Optimizing Performance with llama.cpp
I started out by using Ollama, it is nice because it is easier to get started and most config items are handled by the API (like setting context size), however I quickly hit limitations.
llama.cpp has the following advantages that makes it easy to improve performance:
- direct control over context being split into slots
- easy ability to benchmark batch and ubatch sizes to find optimal options for performance
Below are my docker compose and config file for llama.cpp to generally show the optimizations that I make.
docker-compose.yml
services:
llama.cpp:
container_name: llama.cpp
image: ghcr.io/ggml-org/llama.cpp:server-vulkan
devices:
- /dev/dri:/dev/dri
- /dev/kfd:/dev/kfd
volumes:
- ./models:/root/.cache/llama.cpp/
ports:
- 11434:8080
restart: always
environment:
GGML_VK_VISIBLE_DEVICES: 1
command:
- "--models-preset"
- "/root/.cache/llama.cpp/config.ini"
config.ini
[GPT-OSS]
; Model Name
hf = unsloth/gpt-oss-20b-GGUF:UD-Q8_K_XL
; Set Reasoning Effort
chat-template-kwargs = {"reasoning_effort": "low"}
; Unsloth Tuning
temp = 1.0
top-k = 0
top-p = 0
; GPU Performance
n-gpu-layers = -1
flash-attn = on
; Quantize Cache
cache-type-k = q8_0
cache-type-v = q8_0
; Increased Batch Size
threads = 4
batch-size = 2048
ubatch-size = 2048
; Context shared across slots
ctx-size = 120000
parallel = 5
slot-prompt-similarity = 0.2
The prompt problem
The user editable part of the prompt will always be cached, but depending on the device being used for voice (like switching between a phone and satellite, interacting with a different room, etc) the prompt is adjusted. This breaks the cache at that point in the prompt requiring all further tokens to need to be reprocessed. To give an example of how that affects things, see the below logs from llama.cpp:
processing a new prompt section:
prompt eval time = 1534.17 ms / 4744 tokens ( 0.32 ms per token, 3092.23 tokens per second)
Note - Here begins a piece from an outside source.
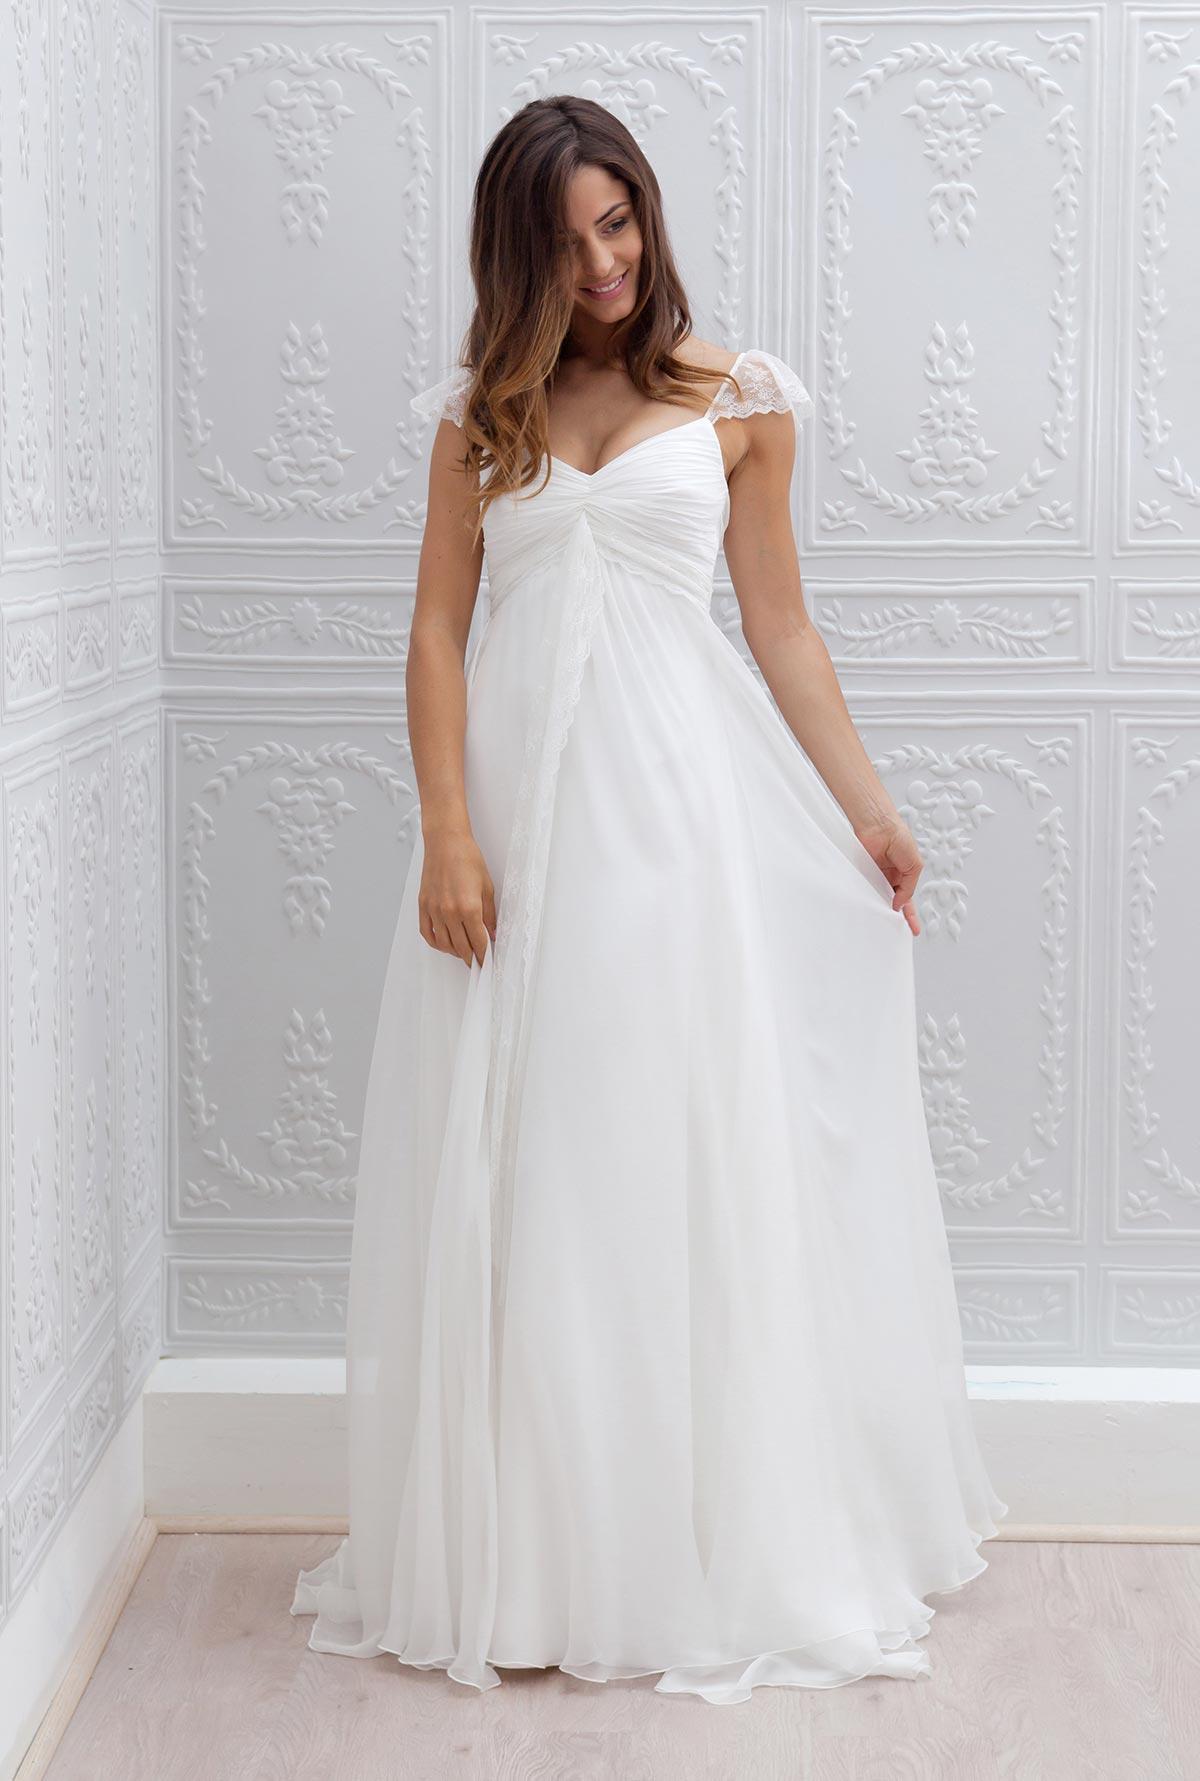 c1a5050c101 Vestidos de novia para embarazadas - ¡Modelos preciosos!

eval time = 300.64 ms / 38 tokens ( 7.91 ms per token, 126.40 tokens per second)
total time = 1834.81 ms / 4782 tokens
the same request with the prompt fully cached:
prompt eval time = 31.29 ms / 1 tokens ( 31.29 ms per token, 31.96 tokens per second)
eval time = 276.43 ms / 38 tokens ( 7.27 ms per token, 137.47 tokens per second)
total time = 307.72 ms / 39 tokens
As you can see the request is handled significantly faster due to not needing to reprocess a large portion of the prompt.
To solve this we set the following config:
ctx-size = 120000
parallel = 5
slot-prompt-similarity = 0.2
This sets the context size to 120k tokens split into 5 slots of equal size (24k tokens). The slot prompt similarity ensures that the user-defined portion of the prompt does not make a single slot get re-used for multiple satellites. For me this works perfectly for my 4 satellites (with an extra slot for chatting elsewhere). Once the slots are loaded with each device’s prompt, the subsequent requests are processed very quickly (~1 second).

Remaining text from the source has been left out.